The enzyme inhibition method employed in food testing constitutes a classical technical approach, primarily leveraging the inhibitory effect of organophosphorus and carbamate pesticides on cholinesterase activity. This principle, however, also provides an innovative approach for heavy metal detection. Traditionally, these pesticides bind to cholinesterase, reducing its activity and thereby affecting the rate at which it breaks down specific substrates. By measuring changes in this degradation rate, the residual pesticide levels in food can be indirectly calculated. Within the field of food heavy metal detection, the application potential of the enzyme inhibition method is equally noteworthy. When food samples contain heavy metal ions, enzyme activity becomes inhibited, consequently reducing the rate at which substrates are broken down. For instance, employing an enzyme system sensitive to mercury ions would reveal a significant decrease in enzyme activity when applied to food samples containing mercury ions. By observing and measuring these changes in enzyme activity, the presence and concentration of mercury ions in food can be indirectly inferred. Although the direct application of enzyme inhibition methods in heavy metal detection remains exploratory, the adaptability of its principles and the technical feasibility of the approach undoubtedly open new avenues for research in the field of food heavy metal detection.

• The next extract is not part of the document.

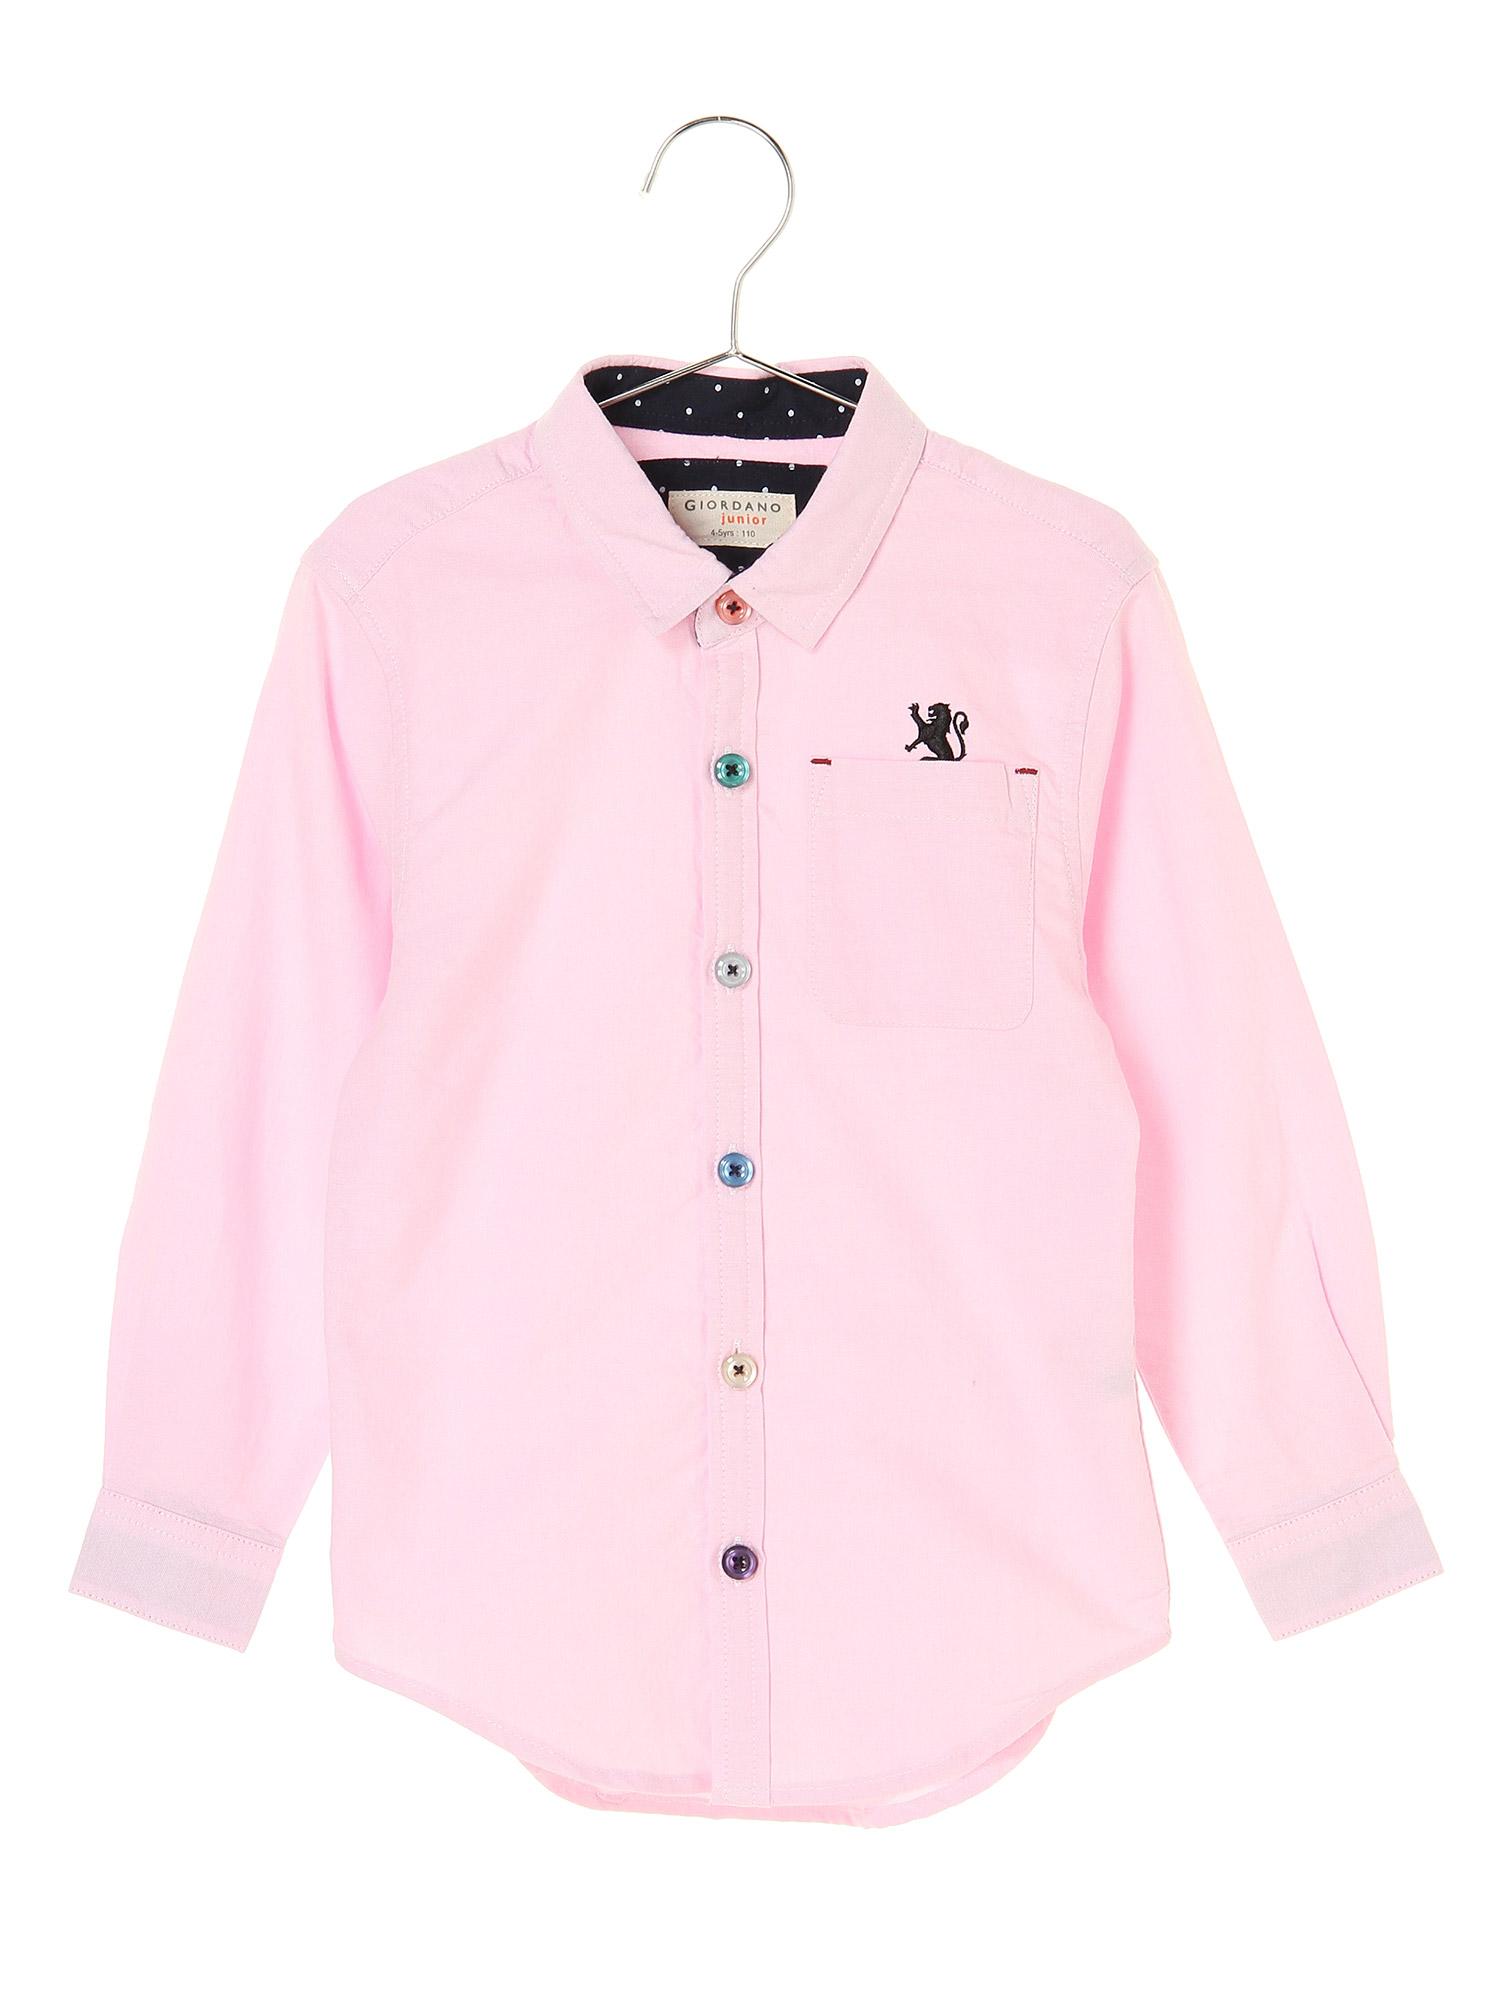 [12/28まで限定価格]ライオン刺繍オックスフォード長袖シャツ

3.3 Electrochemical Methods

Electrochemical methods establish quantitative relationships between electrical signals—such as potential, current, or charge—generated by redox reactions between electrodes and target substances, and the concentration or properties of the measured material. This enables qualitative and quantitative analysis of heavy metals, harmful substances, microorganisms, and other components in food. Taking lead detection in food as an example, the square-wave anodic stripping voltammetry technique within electrochemical methods proves highly effective. In practice, the food sample must first be processed to extract lead ions. The sample solution is then placed in an electrochemical cell containing a working electrode, a reference electrode, and an auxiliary electrode. During the pre-electrolysis stage, a constant negative potential is applied, causing lead ions to be reduced to metallic lead and deposited onto the surface of the working electrode. During the square-wave anodic stripping phase, a series of square-wave potentials are applied. This re-oxidises the deposited metallic lead back into lead ions, which dissolve into the solution, generating a current signal proportional to the lead content. By measuring this current signal and correlating it with a standard calibration curve or samples of known concentration, the lead content in food can be accurately determined.

4. Conclusion

In today's rapidly advancing technological and industrial society, excessive heavy metal content in foodstuffs—whether originating from raw materials or processing procedures—poses potential threats to human health. Consequently, relevant research institutions and testing personnel should scientifically select appropriate heavy metal detection techniques based on practical circumstances. Rigorous and precise determination of heavy metal concentrations in food is essential to safeguard food safety and public health.